Table 2: Inheritance and Transfer Tax Declaration Periods
| Place of Death | Location of Heir | Declaration Period (From Death) | Legal Basis |
| Turkey | Turkey | 4 Months | VİVK Art. 9 |
| Turkey | Foreign Country | 6 Months | VİVK Art. 9 |
| Foreign Country | Turkey | 6 Months | VİVK Art. 9 |
| Foreign Country | Same Foreign Country | 4 Months | VİVK Art. 9 |
| Foreign Country | Another Foreign Country | 8 Months | VİVK Art. 9 |
Tax Rates and Double Taxation Agreements
Inheritance and Transfer Tax rates are subject to a progressive tariff. The most important issue for foreign heirs is Double Taxation Prevention Agreements.
-
Turkey has Double Taxation Prevention Agreements with many countries (e.g., OECD countries). However, these agreements are usually on Income Tax. The number of agreements covering inheritance tax is few.
-
If there is an agreement and the heir has also paid inheritance tax in their own country, they can request a deduction from the tax they will pay in Turkey.
-
If there is no agreement, tax must be paid to Turkey for assets in Turkey pursuant to the Lex Rei Sitae principle.
Tax Clearance Certificate and Tax Number:
To transfer the title deed and withdraw money from the bank, a “Tax Clearance” letter must be obtained from the tax office. Additionally, the foreign heir must obtain a Tax Identification Number from Turkey to perform transactions.
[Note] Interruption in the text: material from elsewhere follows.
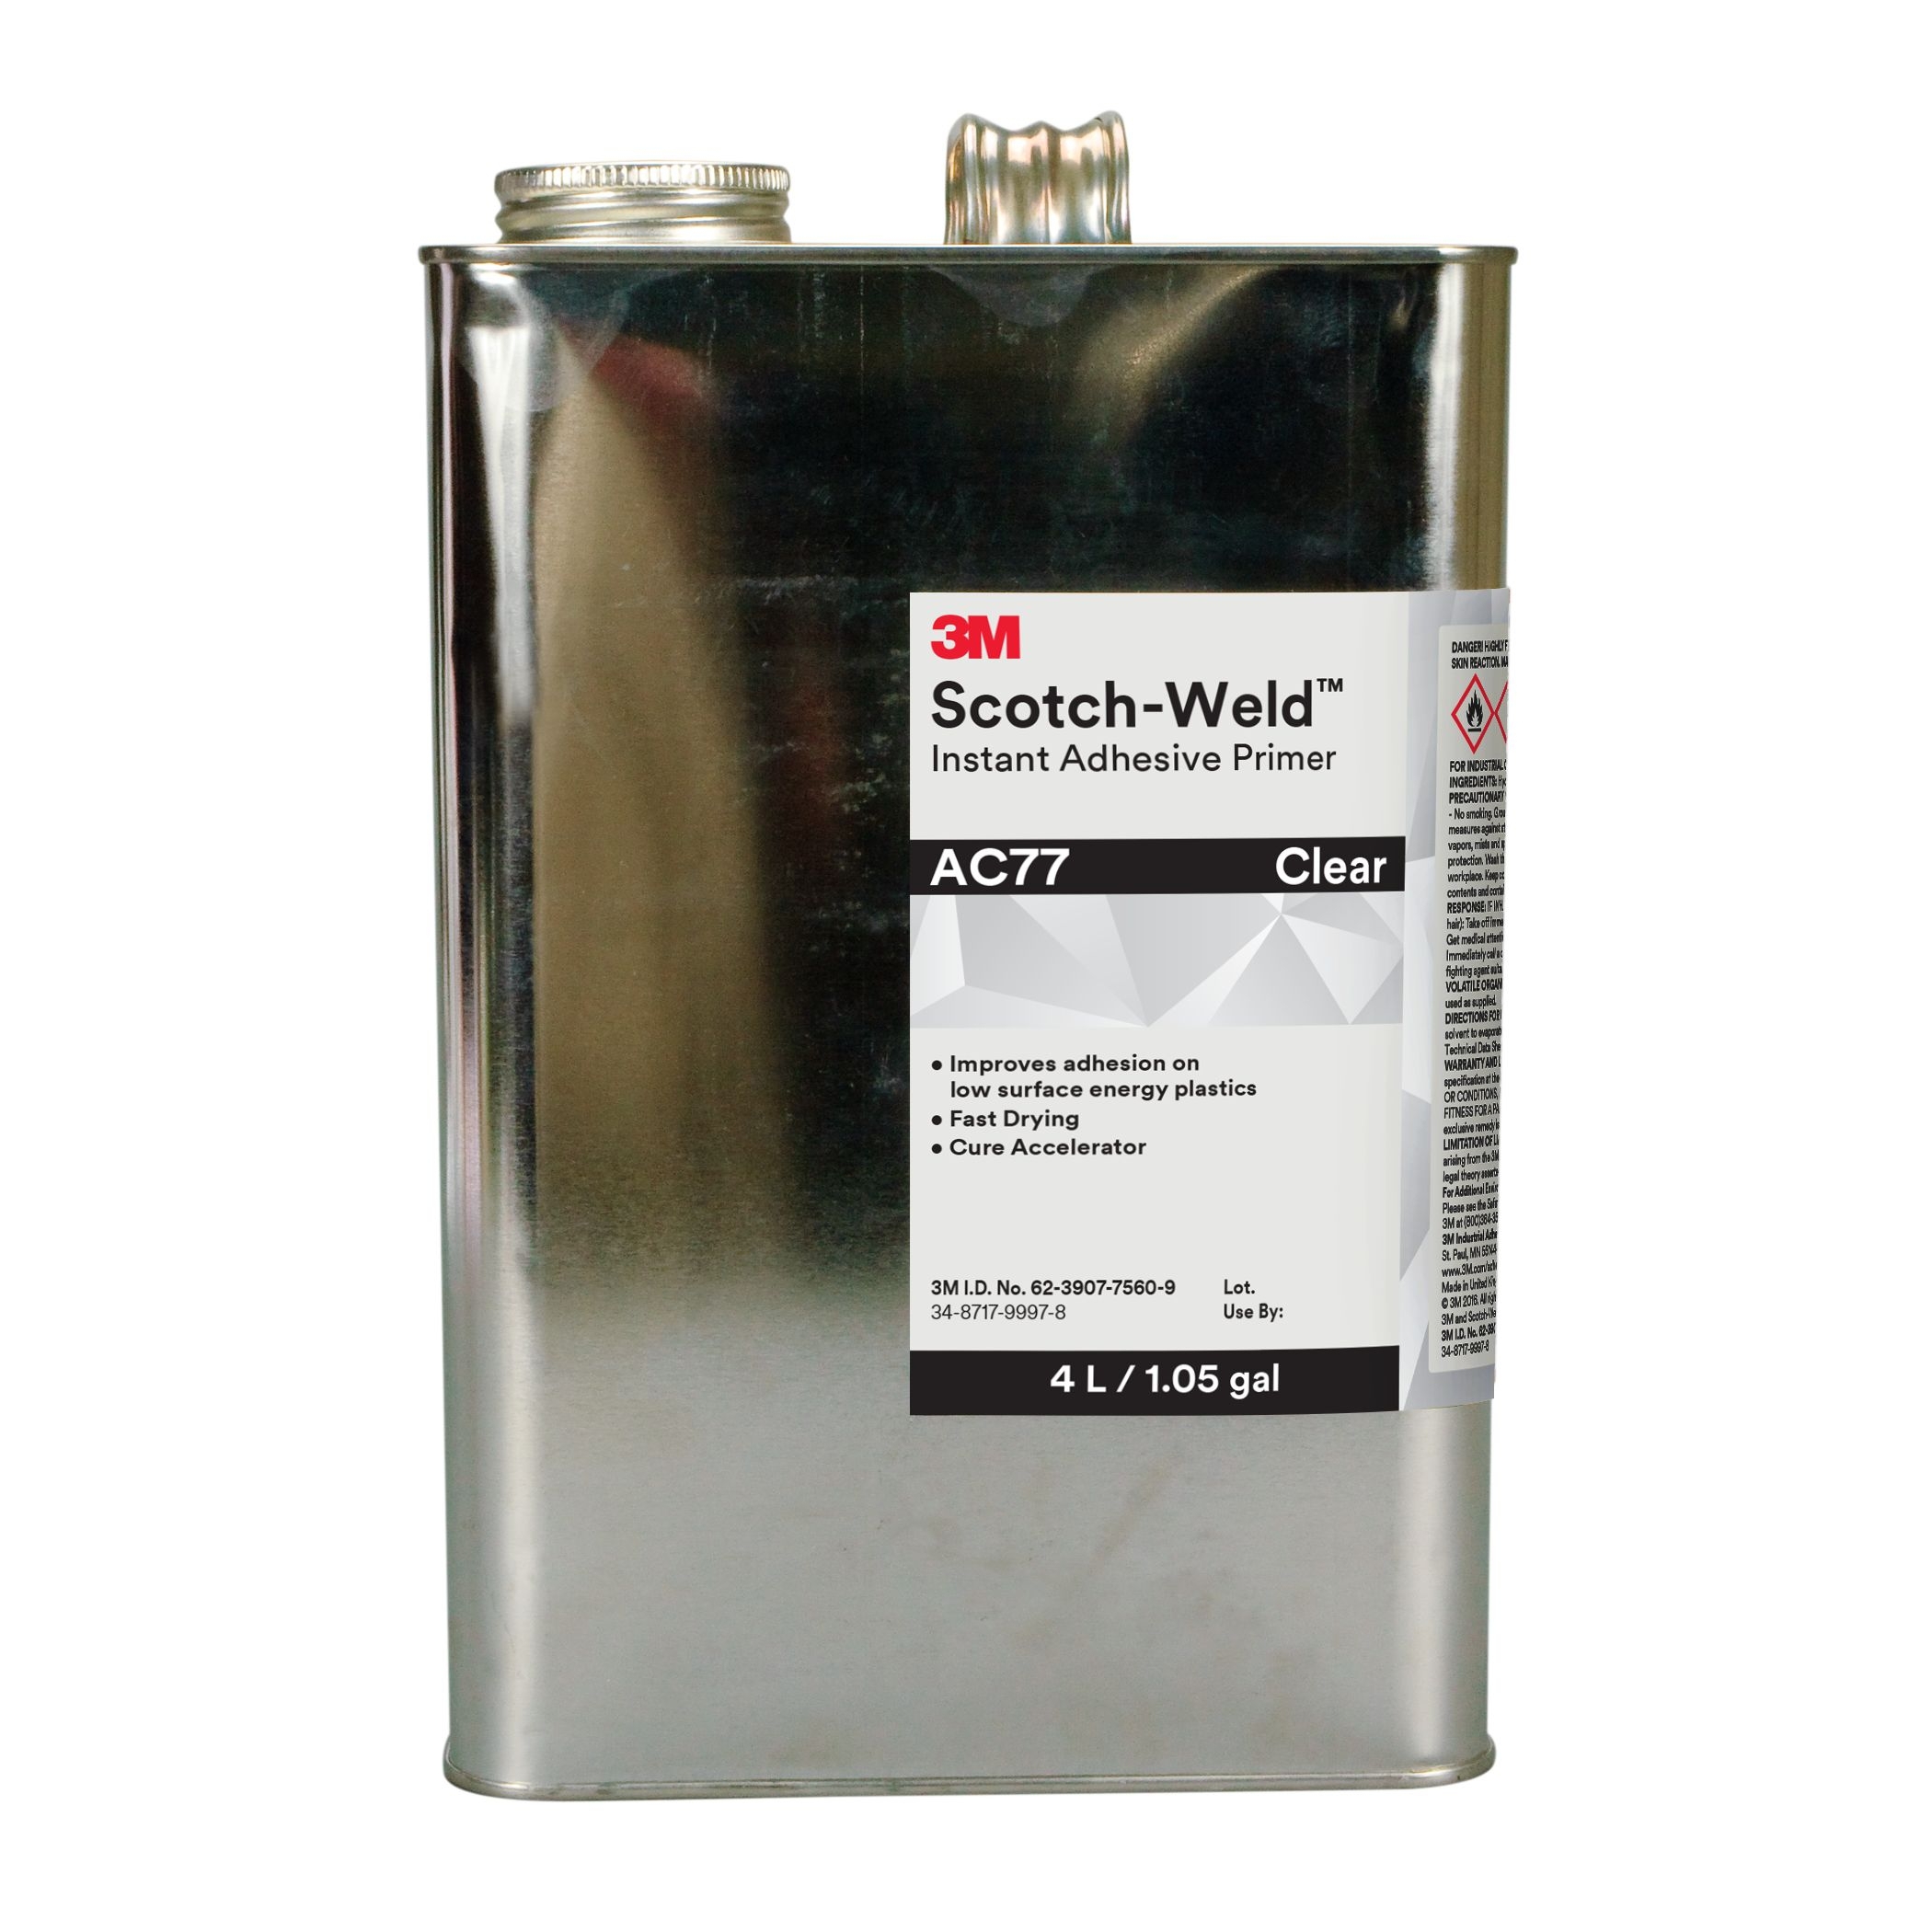 3M Scotch-Weld Primaire pour colles cyanoacrylates à base d'heptane AC 77, transparent, 1 l
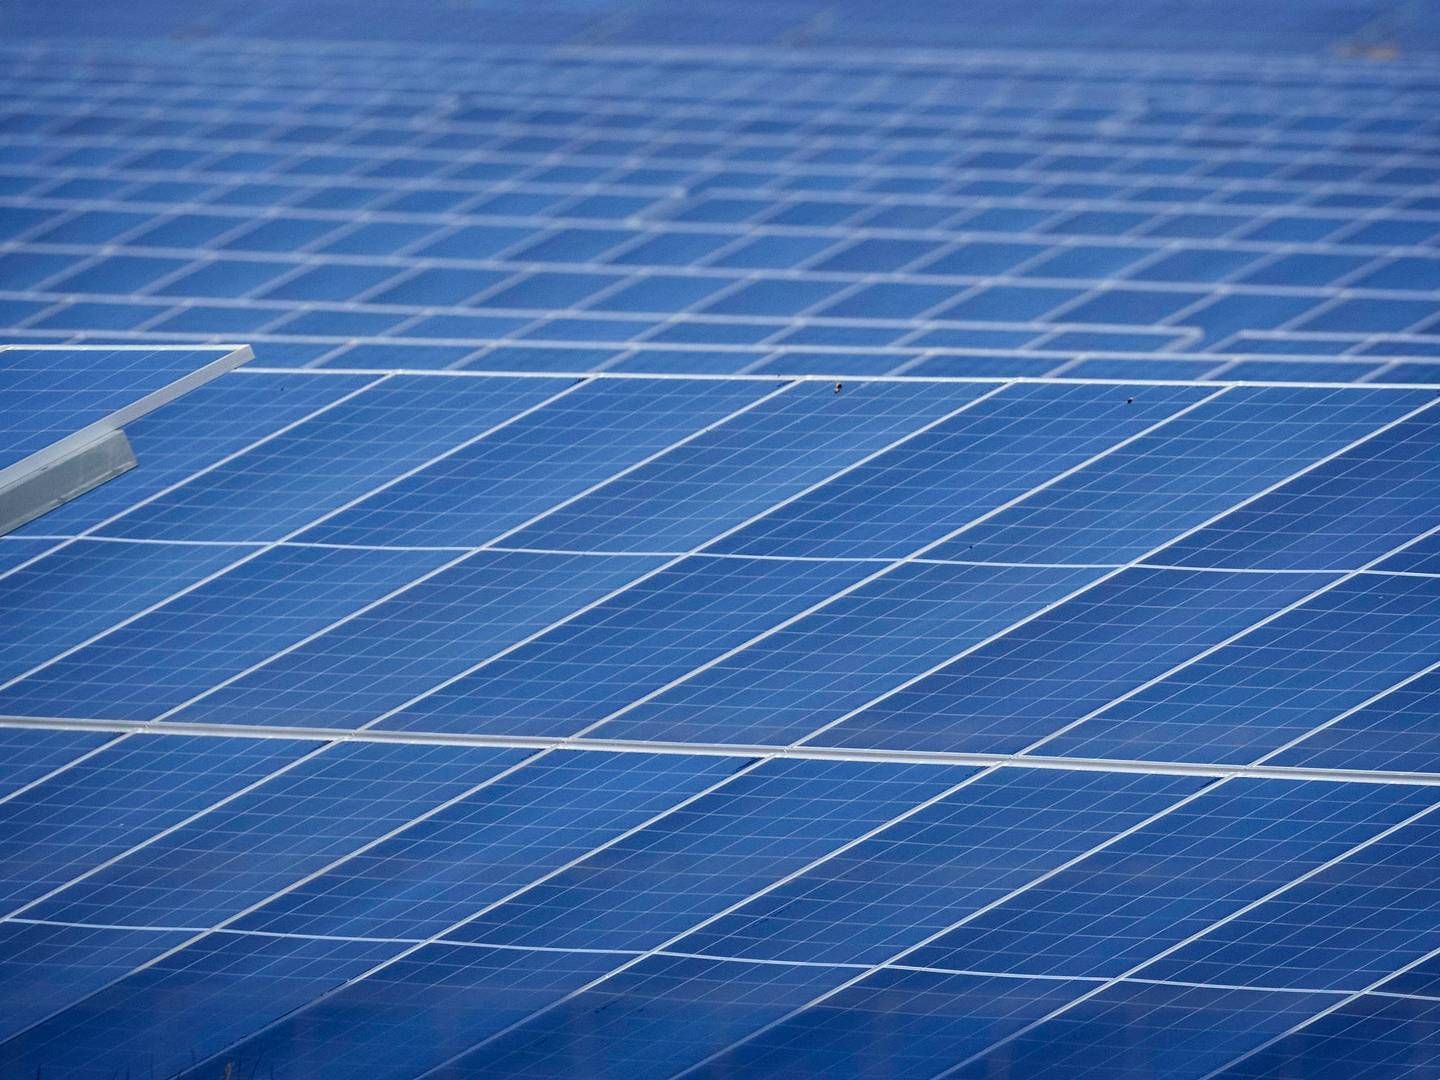 IRSK EIER: Det irske investeringsselskapet DCC går inn som ny eier for det norske solcelleselskapet Solcellekraft. | Foto: Jens Dresling

Problems Encountered in Practice and Solutions
Name Mismatch Problem
It is frequently seen that the name in the foreign passport and the name in the Turkish title deed records do not match due to spelling errors or transcription differences.
-
Solutions:
-
Administrative Path (Name Equivalence Certificate): Obtaining a document from the Registry Office showing that the previous and subsequent names belong to the same person. However, this document cannot always be issued for foreigners.
-
Correction at Land Registry: According to Circular No. 2014/3, simple spelling errors can be corrected ex officio based on documents.
-
Judicial Path (Lawsuit for Correction of Identity in Land Registry): If it cannot be resolved administratively, a lawsuit is filed in the Civil Court of Peace to prove that the name in the title deed and the name in the passport belong to the same person.
-
Reserved Share Rights and Reduction Lawsuits
In Turkish law, the deceased cannot distribute their assets as they wish. Descendants (children), spouse, and in some cases parents have “Reserved Share” rights. Even if the foreign deceased made a will according to their own law (e.g., leaving the entire inheritance to a foundation), Turkish reserved share rules apply to real estate in Turkey. The heir whose right is violated can file a “Lawsuit for Reduction” (Tenkis Davası).
Step-by-Step Roadmap for Foreign Heirs
The summary of the process for a foreign heir is as follows:
-
Power of Attorney: A power of attorney with special authority, Apostille, and translation is given to a lawyer in Turkey.
-
Document Procurement: Death and inheritance documents are obtained from their own country and Apostilled.
-
Certificate of Inheritance: Obtained from the court in Turkey.
-
Tax Transactions: Tax number is obtained and declaration is submitted.
-
Land Registry Transfer: Application is made to the Land Registry Office. If there is no obstacle, the transfer is made; if there is an obstacle, the liquidation process operates.